--- START ---
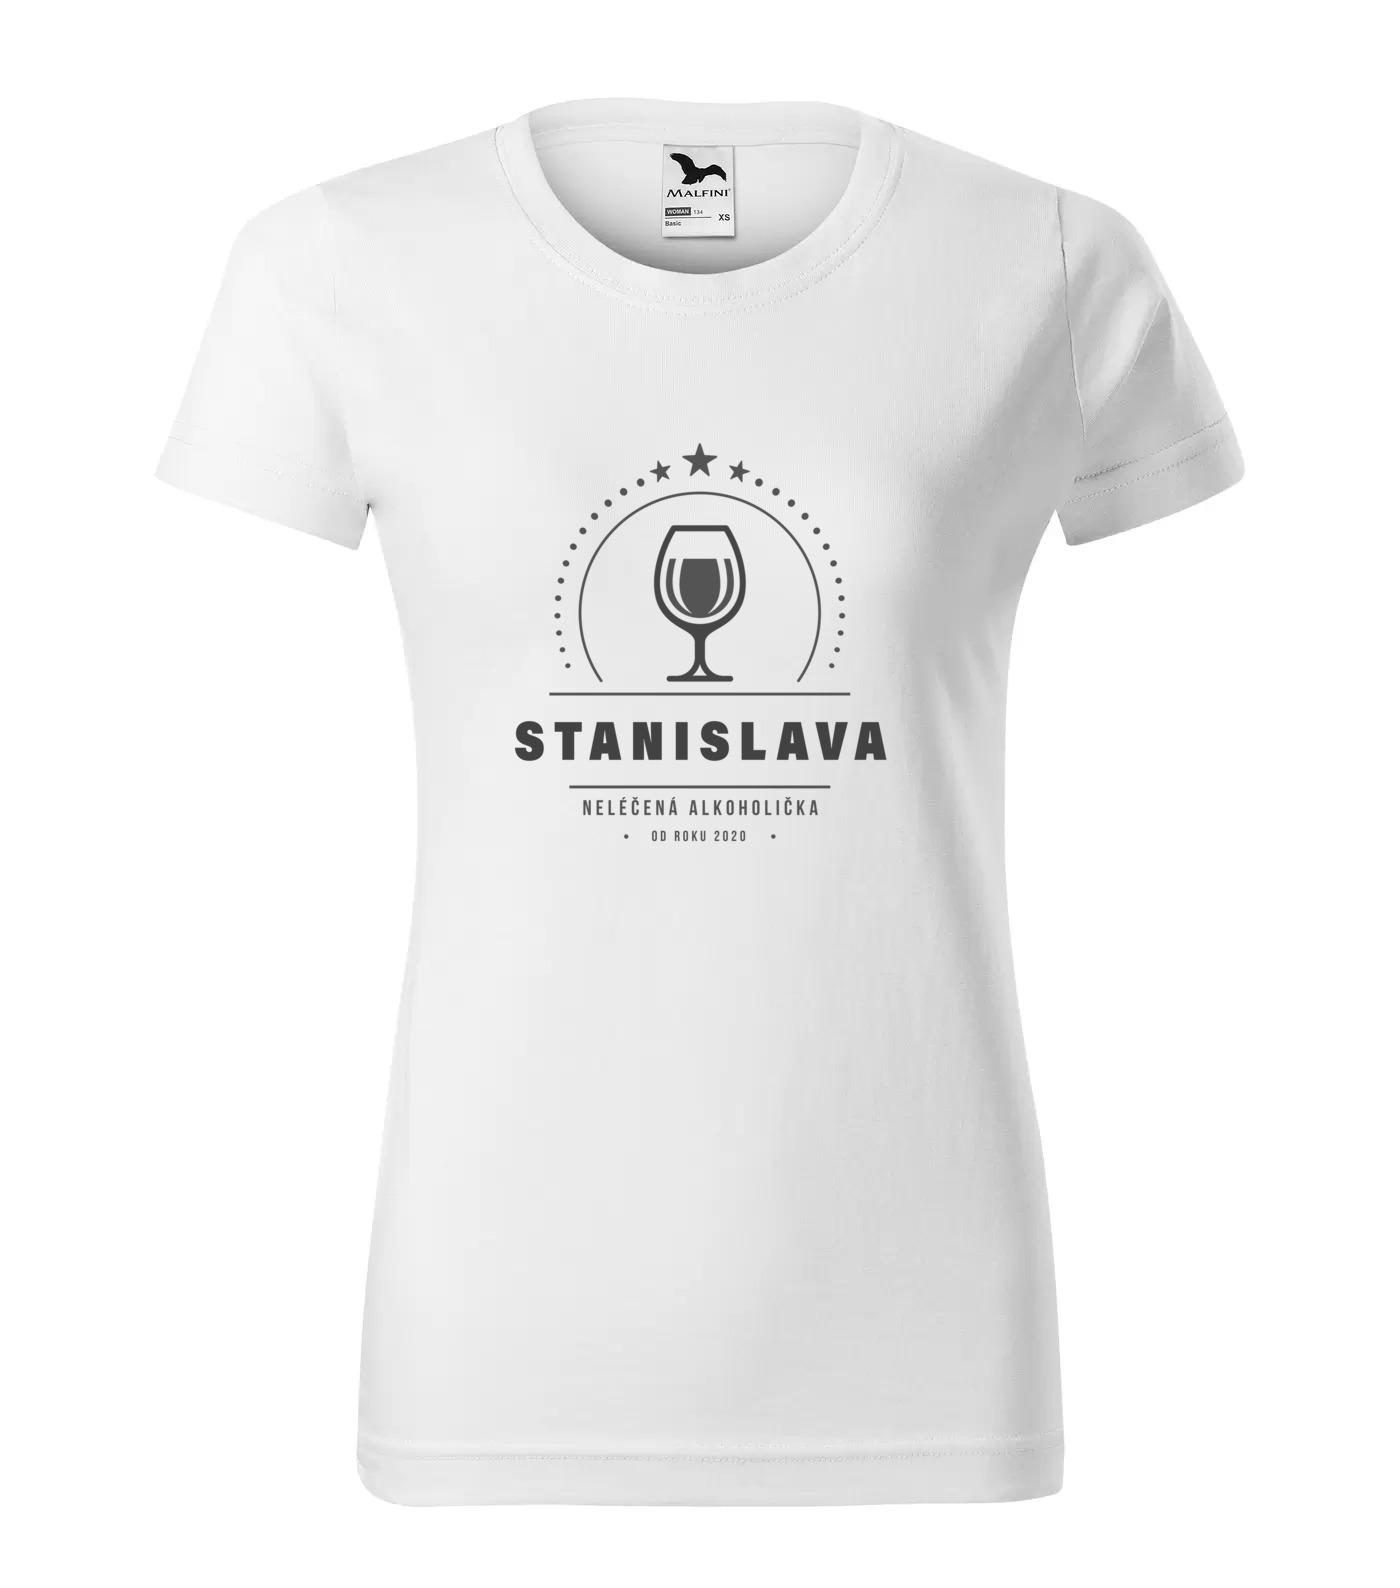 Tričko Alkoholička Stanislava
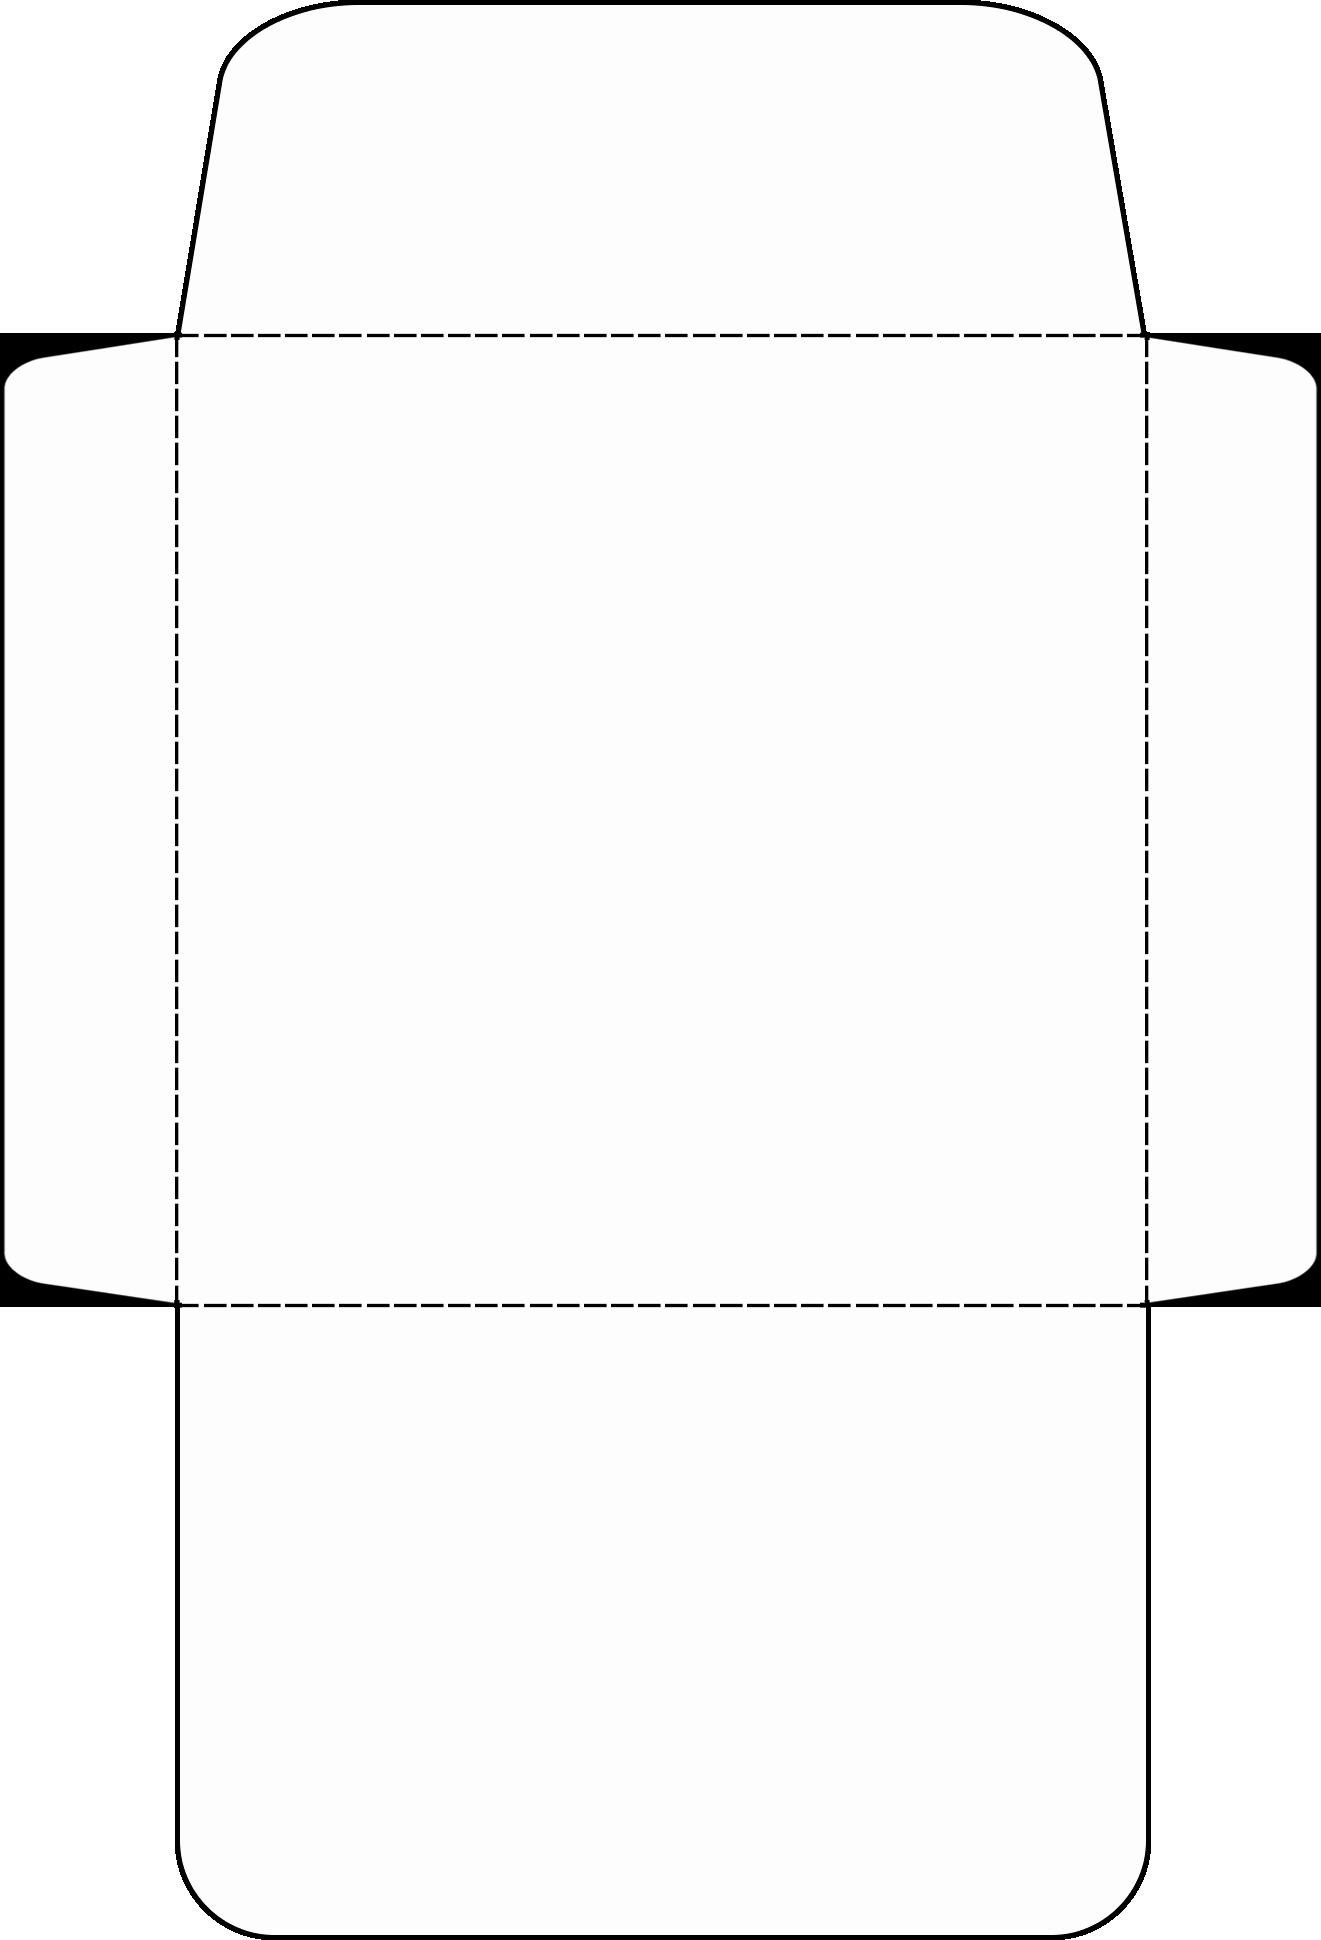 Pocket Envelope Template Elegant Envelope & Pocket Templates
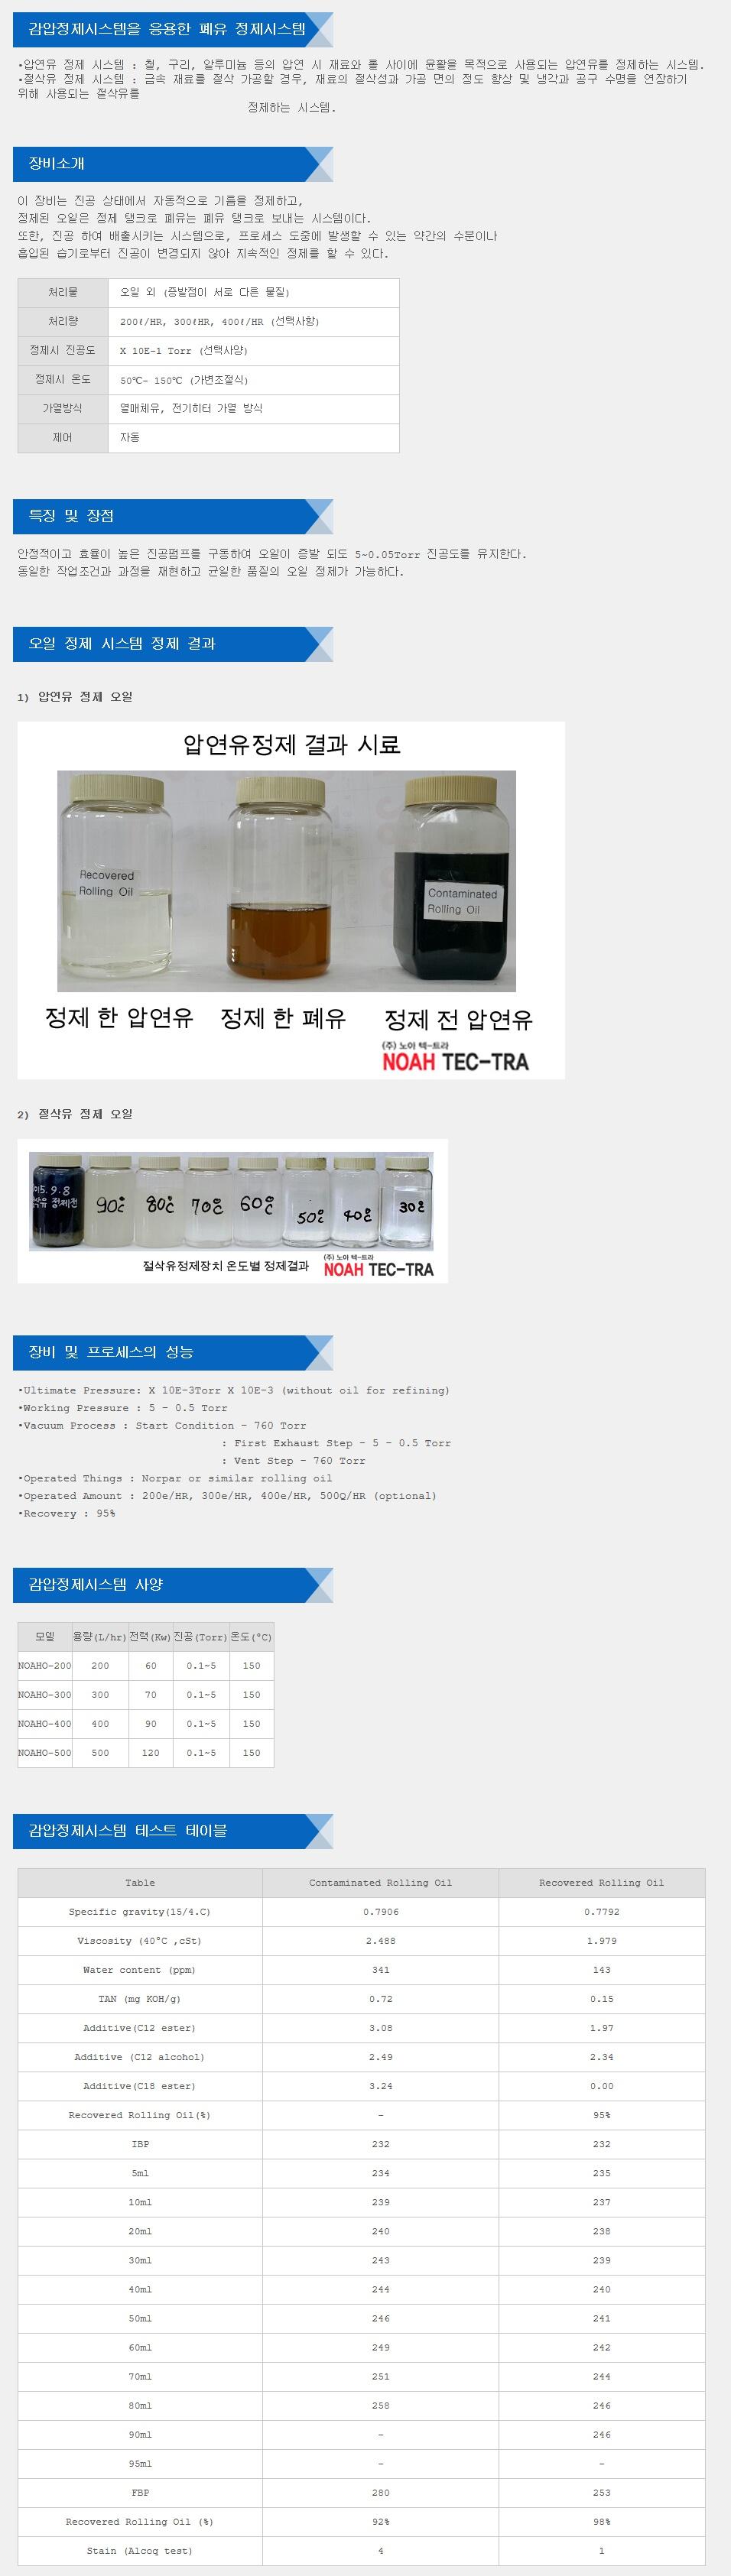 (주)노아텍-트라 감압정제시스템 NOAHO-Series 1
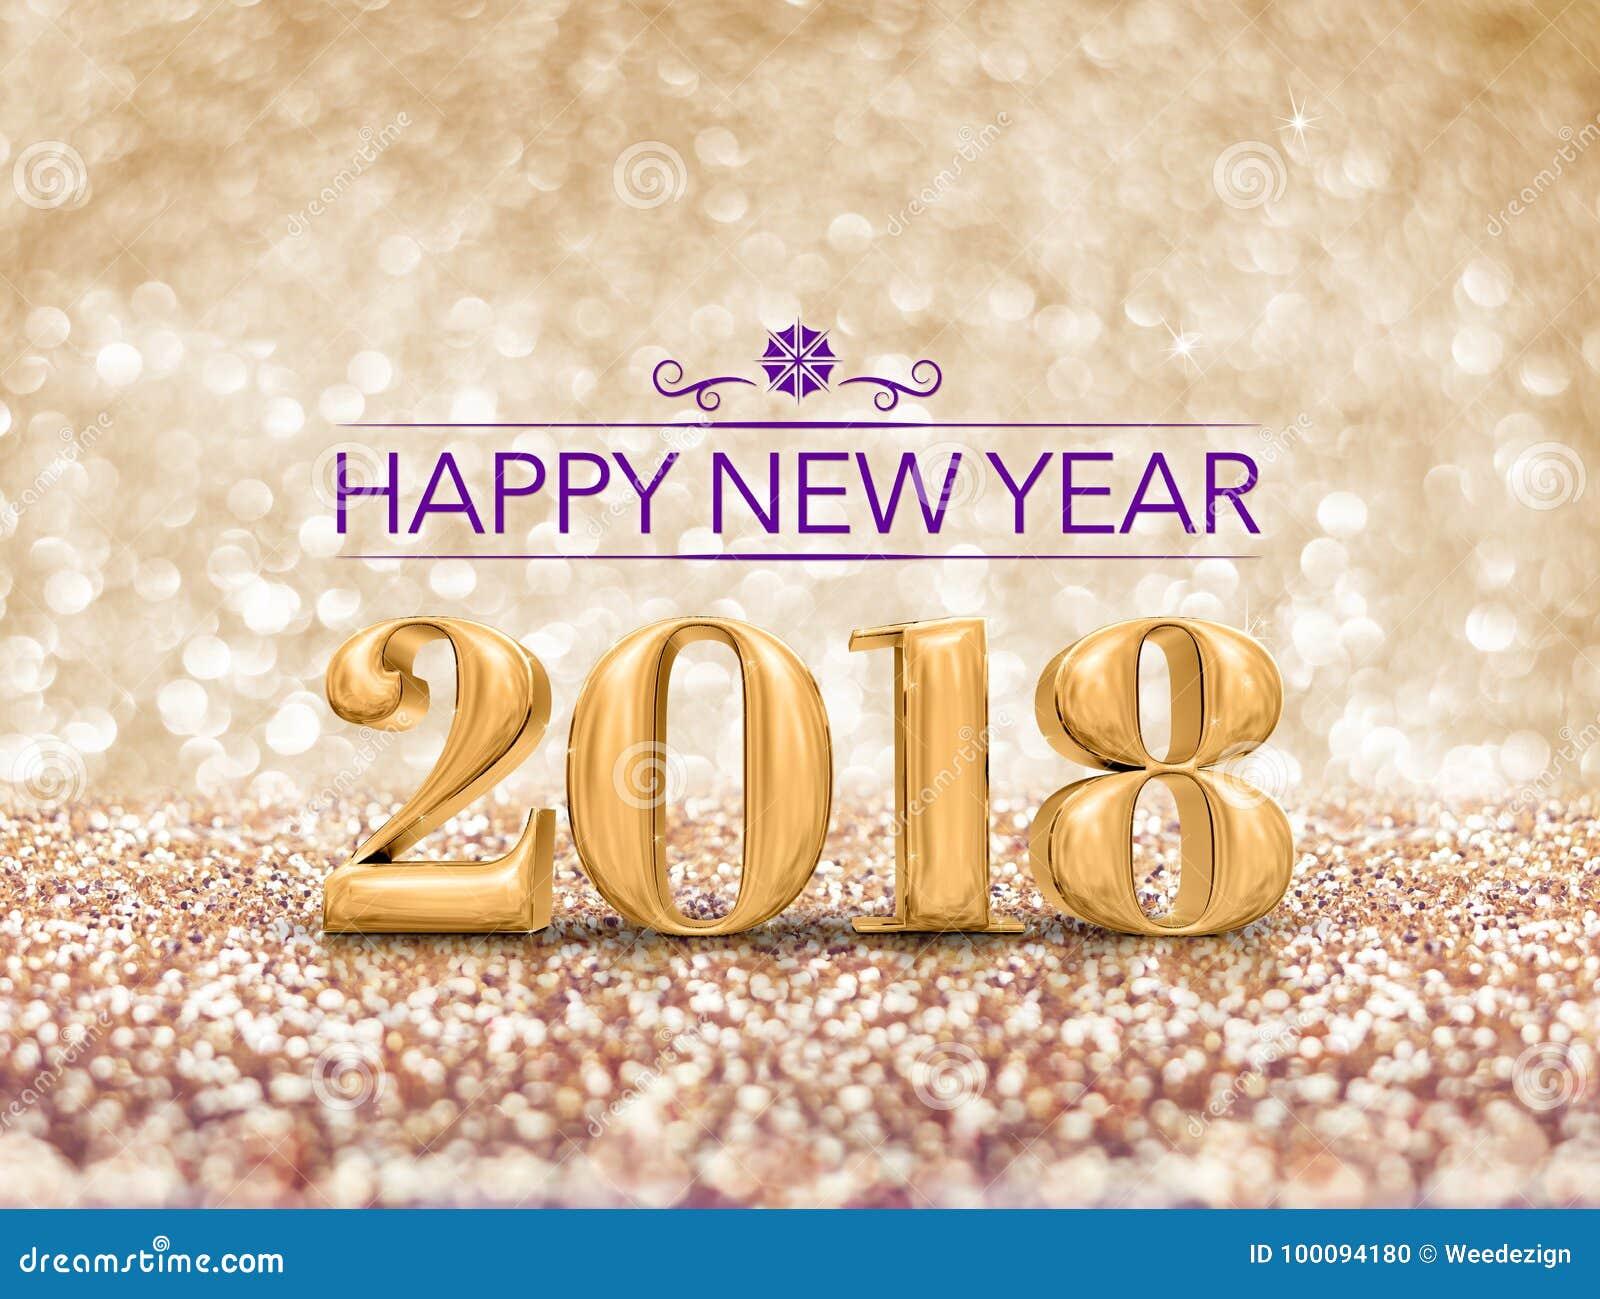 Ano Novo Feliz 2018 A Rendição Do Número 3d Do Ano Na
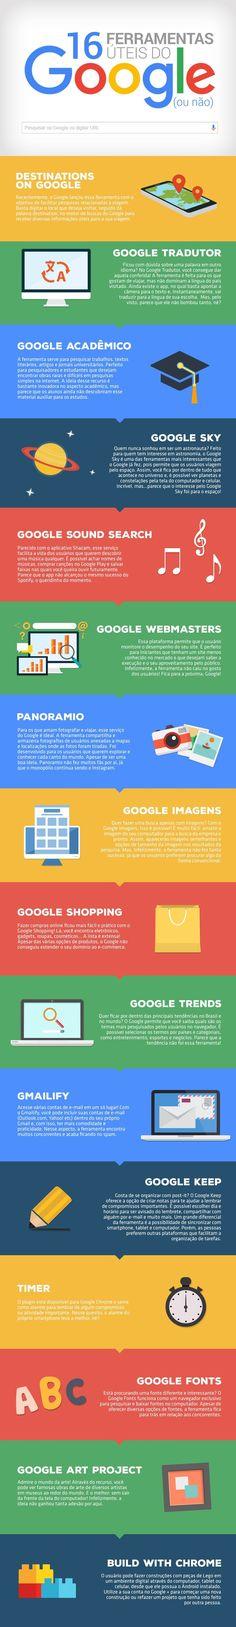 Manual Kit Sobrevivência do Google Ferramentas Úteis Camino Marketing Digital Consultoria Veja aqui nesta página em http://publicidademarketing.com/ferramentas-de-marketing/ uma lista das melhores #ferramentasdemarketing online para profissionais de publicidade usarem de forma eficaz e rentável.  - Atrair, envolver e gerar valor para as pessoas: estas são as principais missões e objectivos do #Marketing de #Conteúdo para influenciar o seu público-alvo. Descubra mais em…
--- END ---
▸ Task description
From the first line of the records down through the line containing "Ano Novo Feliz", transcribe exactly those lines and no others, both ends kept, pictures dropped.

▸ Answer to this exercise
 Tričko Alkoholička Stanislava
 Pocket Envelope Template Elegant Envelope & Pocket Templates
 (주)노아텍-트라 감압정제시스템 NOAHO-Series 1
 Ano Novo Feliz 2018 A Rendição Do Número 3d Do Ano Na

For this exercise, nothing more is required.